Thomas Müller, dropped from Germany’s struggling national squad by coach Joachim Löw in 2019 as too old for international soccer, responded by breaking the Bundesliga record for most assists last season with 21. Serge Gnabry—dropped from West Bromwich Albion by Tony Pulis in 2015 as not good enough for English first-division soccer—scored nine goals in 10 Champions League games last season.

Front and center is Lewandowski, who, like Bayern, has been so good for so long that we might take for granted just how high he has risen. He scored 40 or more goals in each of the past four seasons, but apparently he had the capacity for more. He’s forever lurking over the shoulders of defenders like a horror villain, waiting to exploit the right combination of their inattention and the space on the field. He’s got the sort of body control where you suspect he could juggle the ball in a closet, and he uses it to turn awkward, hip-level passes other forwards might struggle to corral into assists. Look at how he stops and turns and stretches and still traps this bouncing cross precisely enough so he can get around it and get the shot off in last season’s Champions League final.

Now Lewandowski is the tower at the center of a field of heliostats, the focal point who converts the tremendous energy his teammates are capable of harnessing into output. As they have grown more dynamic, his numbers have increased. His form this year—12 goals in eight league games, 15 in 14 total—is so good it’s practically molten.
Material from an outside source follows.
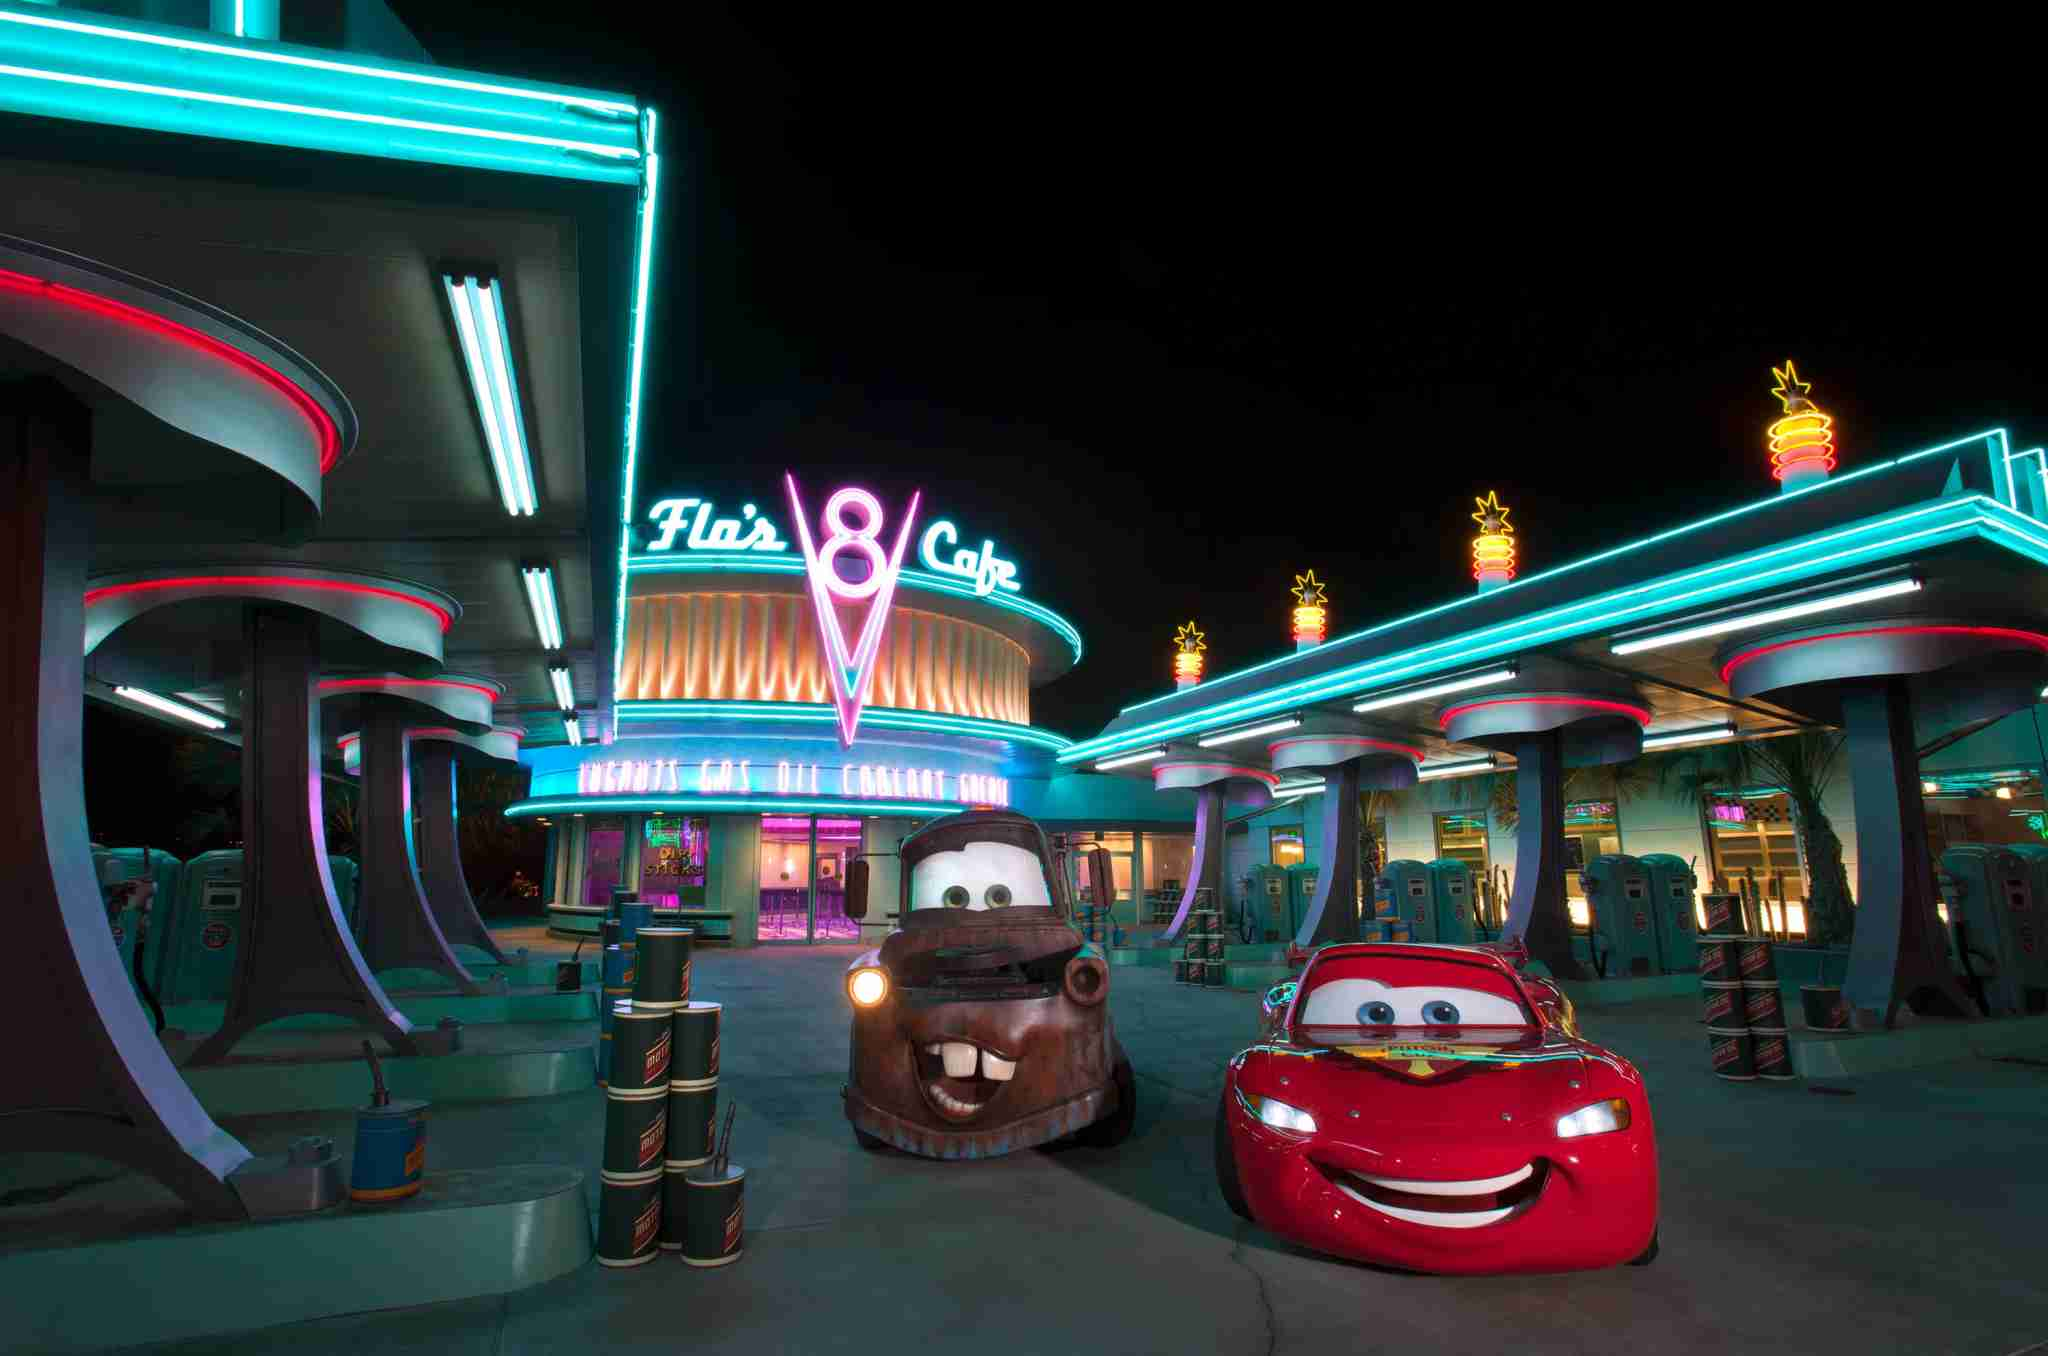 Best Disneyland Restaurants for Families - Flos V8 in Cars Land

It’s probably best not to stare directly at him, just in case.

So dominant was Lewandowski in 2019-2020 that pretty much everybody knew that the decision by France Football to cancel the 2020 Ballon d’Or hurt exactly one person, and it wasn’t Cristiano Ronaldo or Lionel Messi. This is more than a great player carrying an underdog to a tournament final, which won Luka Modric the award in 2018. At some point in 2020, Lewandowski surpassed Ronaldo and Messi to become the world’s best player, and there’s no evidence yet from this season to indicate that either of them is going to storm back into the lead.

How strange that someone was able to stage a bloodless coup against that duopoly after more than a decade of their dominance. (Barcelona, 8-2 losers, might argue it wasn’t that bloodless.) It feels as though there should have been some kind of announcement, a stock market ticker to follow or a countdown to hold our breath to. It feels like it was too easy. Only for Bayern.